Hello Jian, I think that I've understood a basic difference in perspective between us.
Our perspective is simply that sequences sit in repertoires, and that it's most powerful to understand them in this way. We can use characteristics of the entire repertoire to tell us about each individual sequence. As a simple example, if we have a large repertoire sample and only one sequence is inferred to use a given germline V gene, that inference is probably incorrect: it would be very improbable for there to be only one rearranged receptor sequence using that gene. Most modern applications of immune receptor computational tools are to an entire sample at a time or more, so leveraging properties of the whole repertoires can be useful in practice.
So, if we are going to be testing methods that use whole-repertoire information to say something about each individual sequence, we need to be simulating whole repertoires. Because the result of such a simulation is a function of all of the sequences in the sample, it becomes difficult to disentangle the contribution to accuracy of each allele in the simulated repertoire. For example, simulating using two similar alleles will make for a more difficult problem than simulating from two very different ones. If we want to score a per-allele performance, do we do so in a simulated repertoire with other such "distracting" alleles or not?
There is also a more practical reason: at the end of the day people are going to want one or a few numbers summarizing performance. If we score performance on each allele individually, that's hundreds of V alleles, but then we will need to test those in combination with the various D and J alleles. The number of combinations is quite large (of course, that's the point ) and too much for us to really digest. This motivates summaries across all these trials. I would argue that the most natural summary would be an average performance weighted by the frequency of occurrence of the various alleles, and we are back to looking at the allele frequency again! By simulating from repertoires with these weights built in we don't have to try all combinations or do any such post-summarization-- it comes for free.

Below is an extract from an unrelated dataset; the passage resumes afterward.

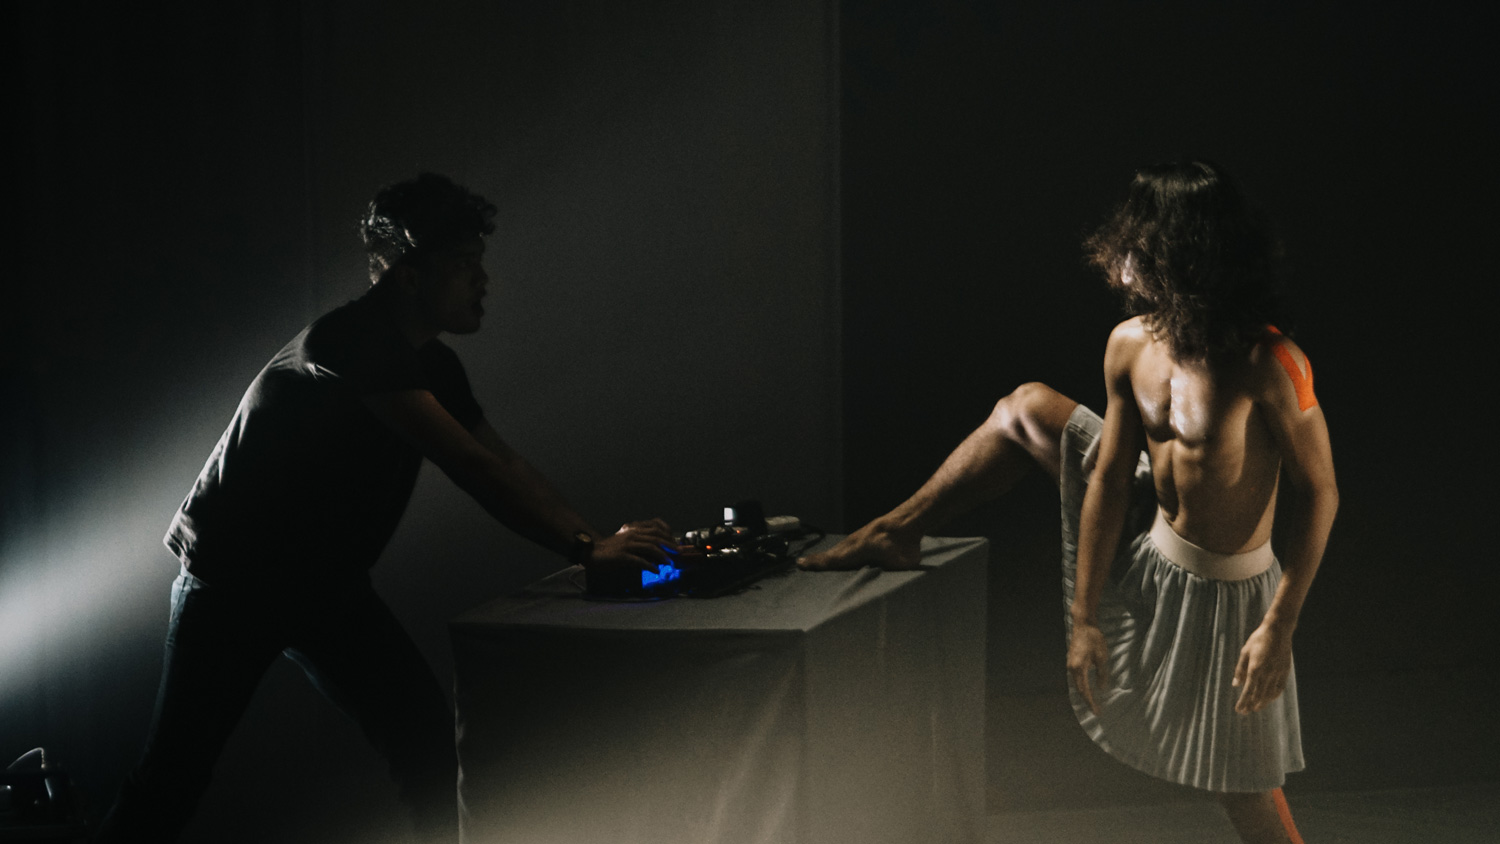 A shirtless person wearing a pleated skirt lifts their leg onto a keyboard behind controlled by a silhouetted figure on a black stage. 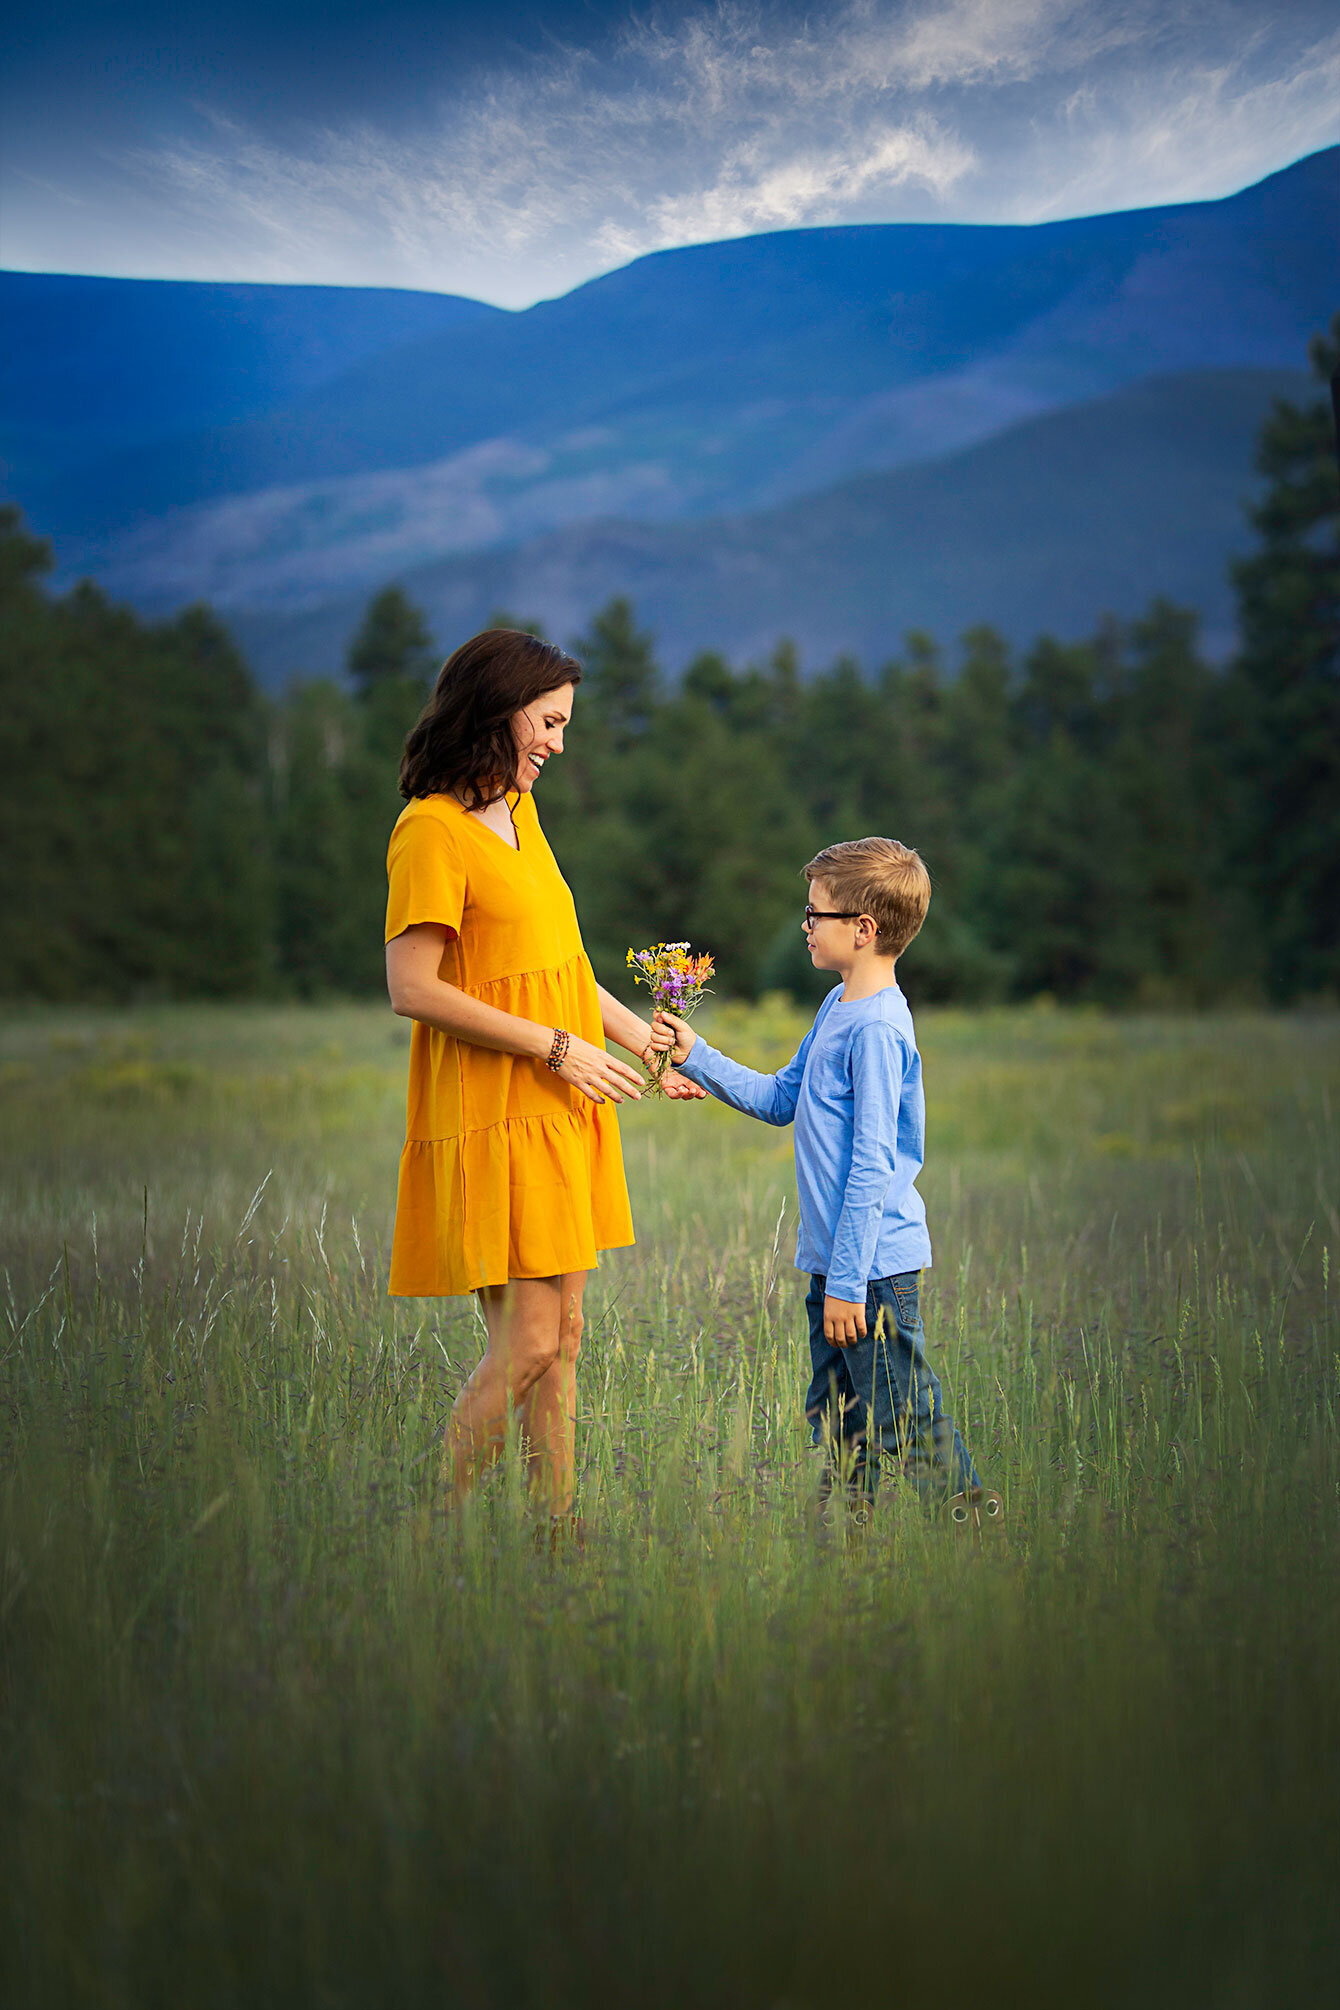 mother-son-flowers-mothers-day-colorado-mountains-mountain-sunset-family-landscape-view-south-forks-Rio-Grande-Club

It is true that there aren't many individuals that have been genotyped by direct sequencing of their unrearranged germline genes. However, there are now many tools that can be used to infer genotypes directly from rearranged sequences. Although these tools are not perfect, I think that we can all agree that a whole-repertoire simulation based on germline inference using these tools is going to be a lot more realistic than simulating a repertoire using all of the alleles in IMGT together. No single individual has ever had all of these alleles.
Thanks for thinking about this with me. Any other voices out there? @javh, @a.collins, @laserson?